= INPUT MATERIAL =
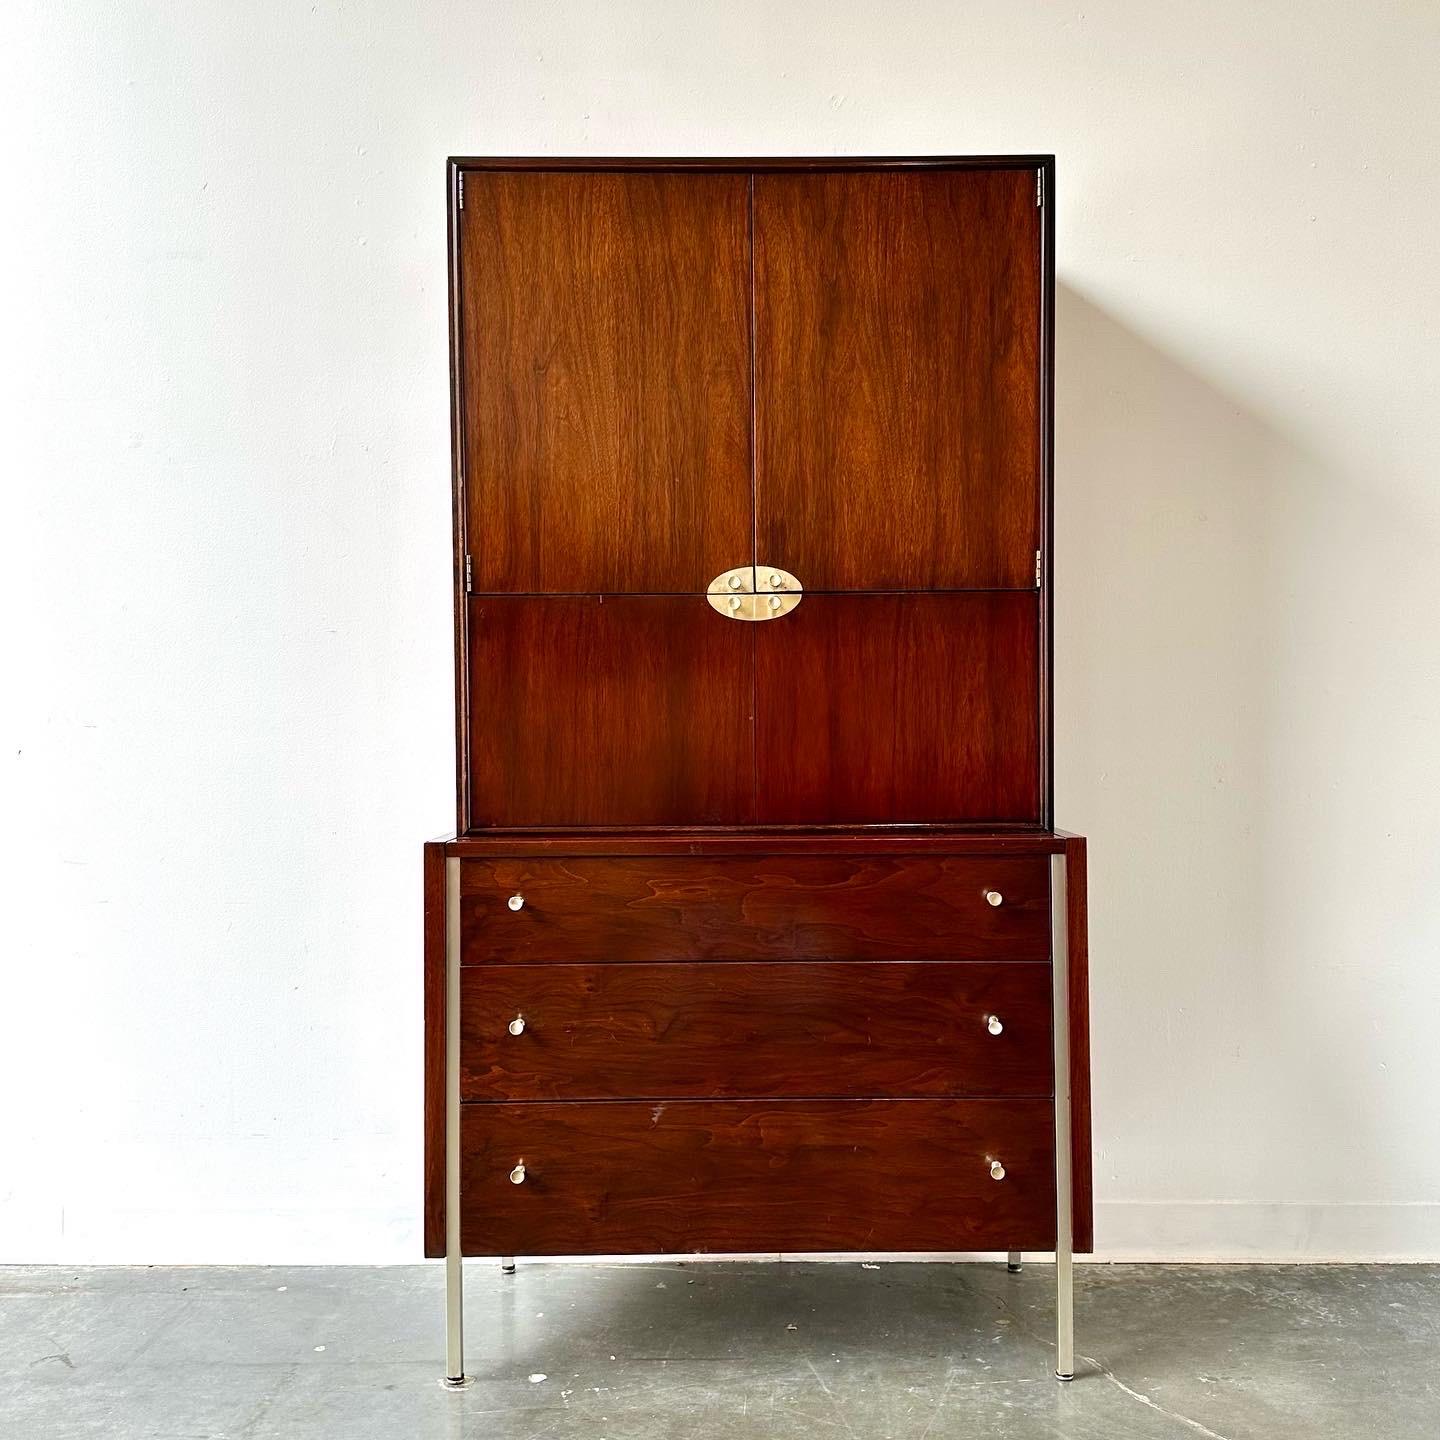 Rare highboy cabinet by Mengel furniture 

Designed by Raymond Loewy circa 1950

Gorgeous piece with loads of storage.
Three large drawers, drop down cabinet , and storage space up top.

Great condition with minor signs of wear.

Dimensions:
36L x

* * *

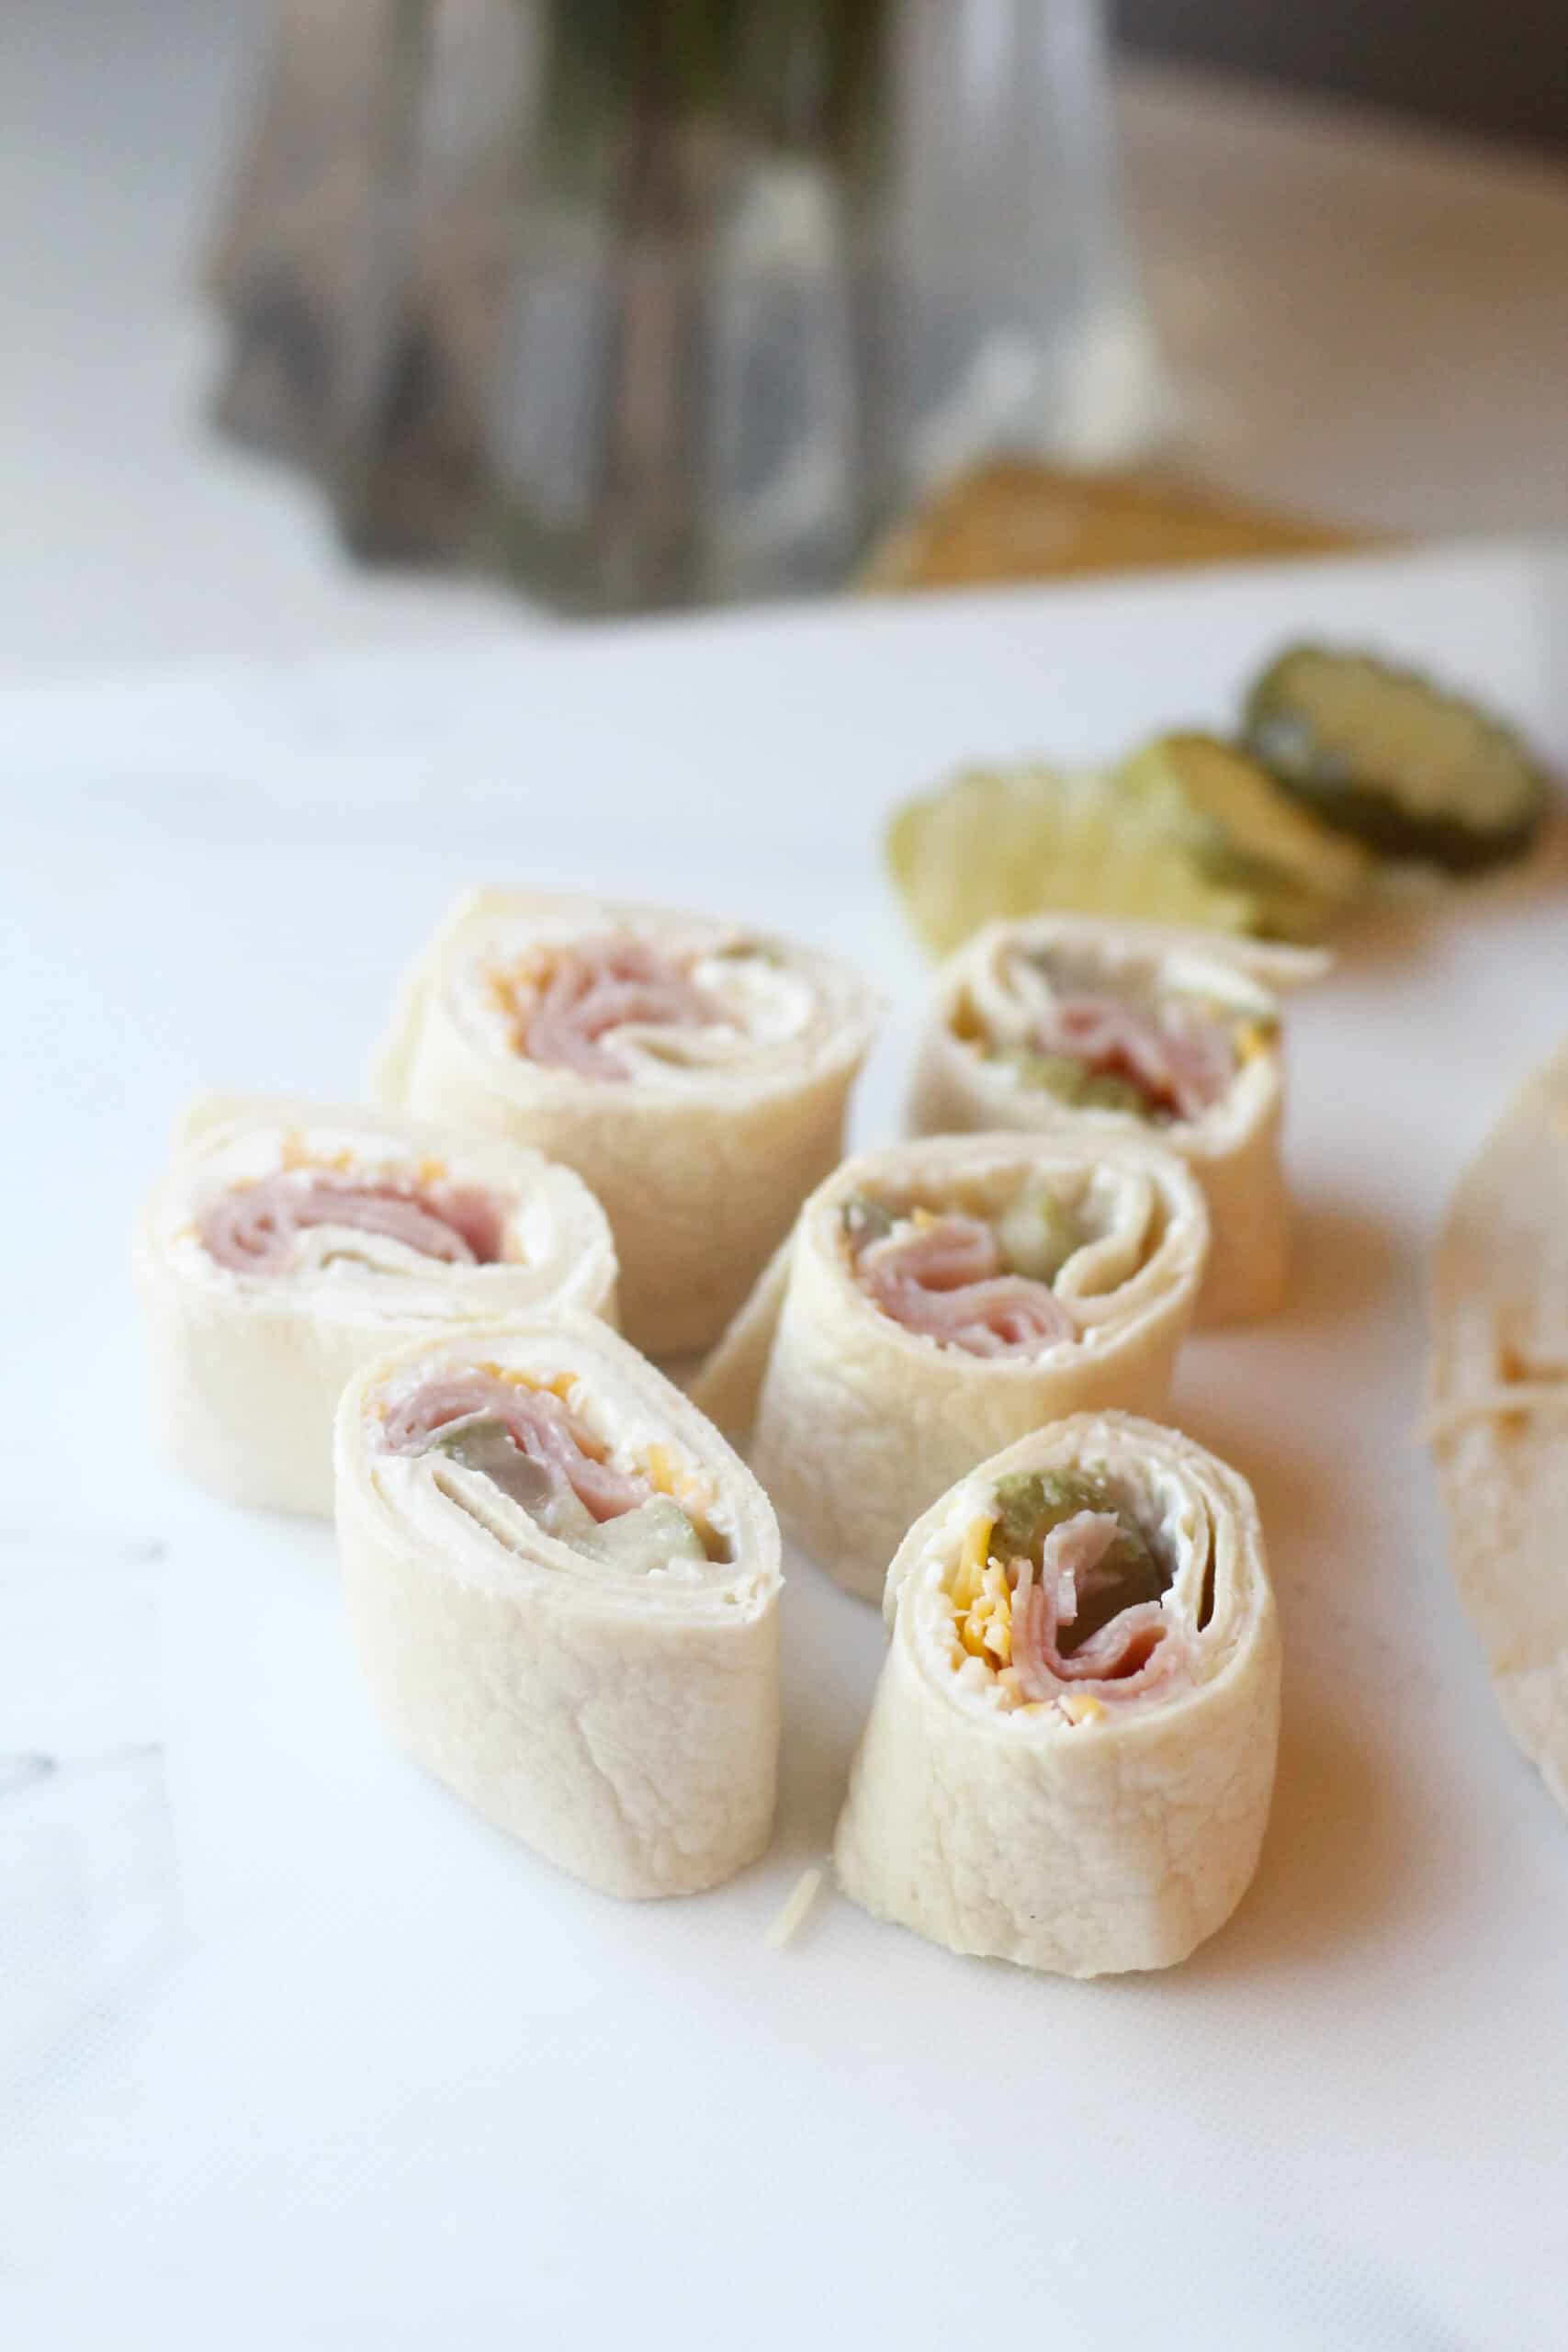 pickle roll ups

= YOUR TASK =
Copy all lines from the material that hold "with".

= SOLUTION FOR THIS TASK =
Gorgeous piece with loads of storage.
Great condition with minor signs of wear.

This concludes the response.